You let me down, I feel. I thought that you would see me through that difficult period, thought that your ability to dig and make things flow and free up laughter would be enough, thought that you were in touch with some layer in me that simply needed visiting for the day-to-day to right itself. I have lost faith in you, but not completely. Otherwise I would not be writing this. Now that I want to return to you, need to, all I can do is trust you more blindly than before, give myself over to you to speak and dance and play.
This is a letter, short, to the writer in me whom I believed could unlock, sentence by sentence or page by page, me.
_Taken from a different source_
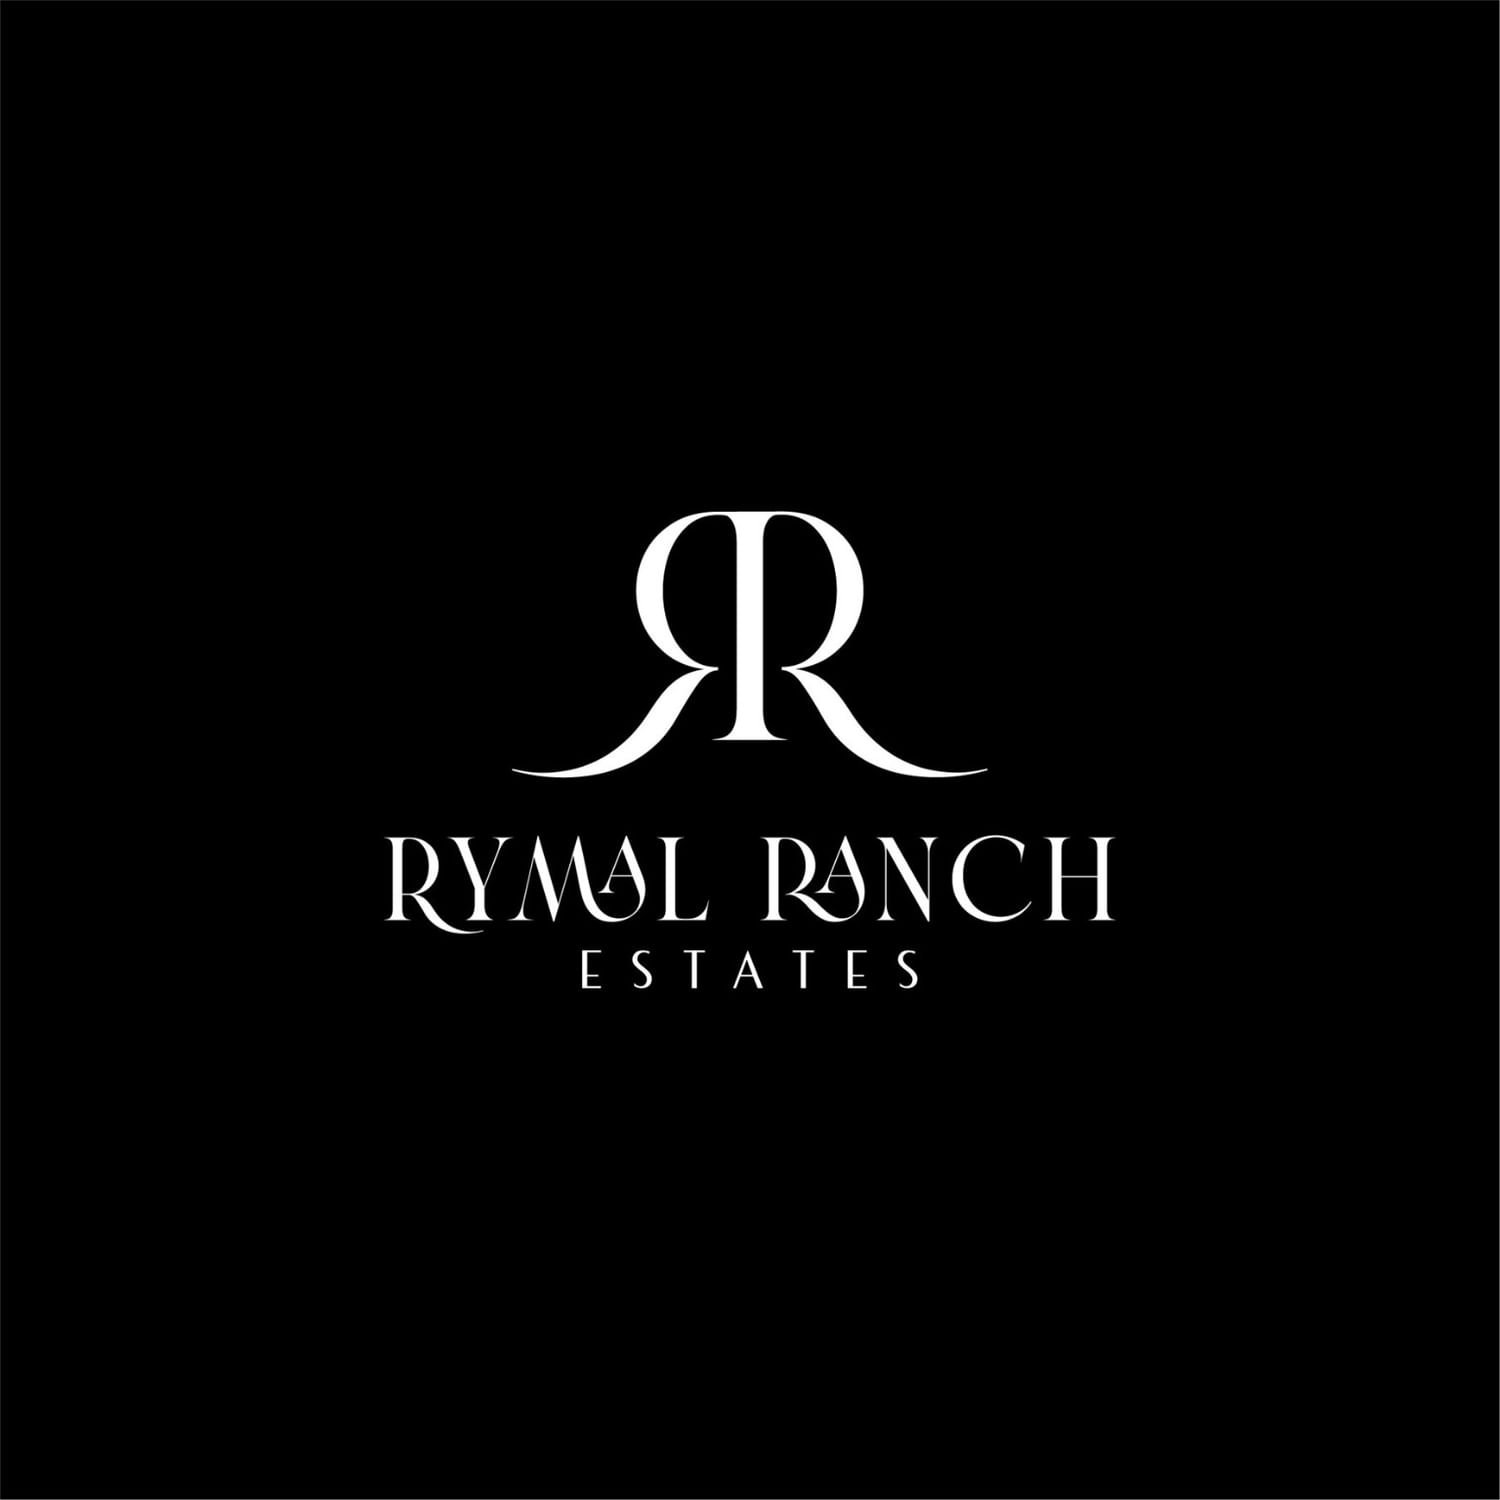 Real estate property located at TBD Rymal Ranch Road, Galveston, Rymal Ranch Estates, Algoa, TX, US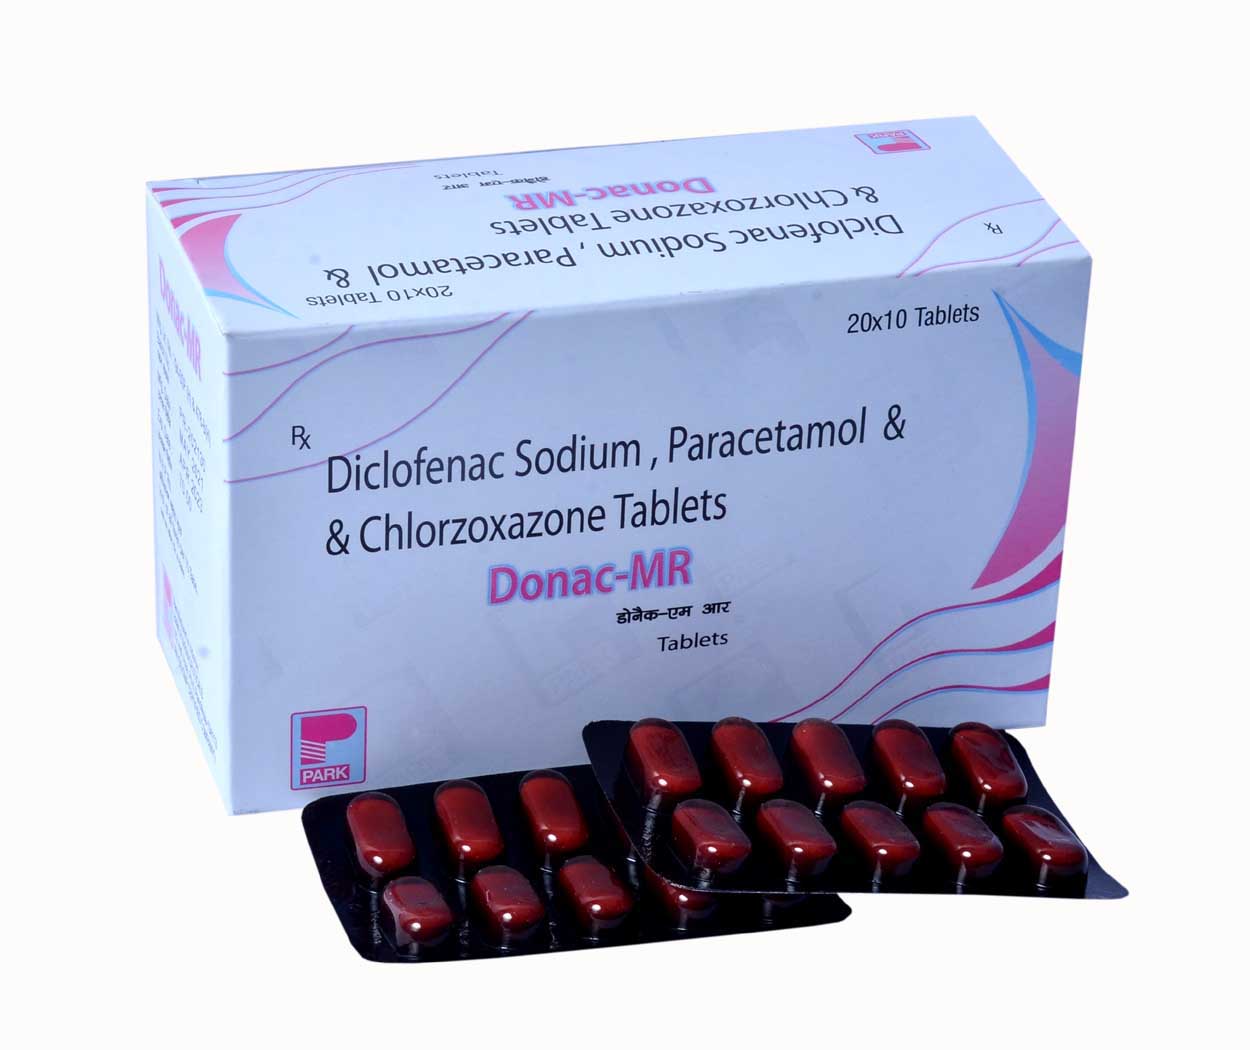 Product Name: Donac MR, Compositions of Donac MR are Diclofenac Sodium, Paracetamol & & Chlorzoxazone Tablets - Park Pharmaceuticals

Here is a paragraph from Roland Barthes (If you need me to translate it, please leave a comment):
Mais en même temps, écrire (au sens curieusement intransitif du terme), écrire est un acte qui dépasse l’œuvre: écrire, c’est précisement accepter de voir le monde transformer en discours dogmatique une parole qu’on a pourtant voulue (si l’on est écrivain) dépositaire d’un sens offert; écrire, c’est remettre aux autres de fermer eux-mêmes votre proper parole, et l’écriture n’est qu’une proposition dont on ne connaît jamais la réponse. On écrit pour être aimé, on est lu sans pouvoir l’ être, c’est sans doute cette distance qui constitue l’écrivain. (From his essay Littérature et Signification, published in Tel Quel in 1963, reproduced in Essais critiques, Editions du Seuil, 1964, p. 275)
I am writing this in an attempt to love myself. Perhaps you cannot write to be loved without doing so to also love yourself and, perhaps, if you can't love yourself, you cannot write.
Can you translate the sentence "c’est précisement accepter de voir le monde transformer en discours dogmatique une parole qu’on a pourtant voulue (si l’on est écrivain) dépositaire d’un sens offert"? Actually I can't figure out what kind of role "dépositaire" plays grammatically in this sentence.
Thanks.
Posted by: Jian | August 02, 2008 at 04:14 PM
Very sorry, Jian. I have been very slow to answer this. Here is the half-sentence now in English:
"it is to accept seeing the world transform into dogmatic discourse speech that one wanted in fact (if one is a writer) to be the depositary of a proferred meaning."
That is my quick-shot attempt. Translation is so difficult, at least good translation is! 'Dépositaire' is an adjective here, I'm pretty sure ('dépositaire' can be either a noun or an adjective) but there is no such adjectival form in English so you have to use the noun form, I think.
I hope this helps and best of luck with Barthes. You're right to be reading him in French. He is such a beautiful writer and his French is so French!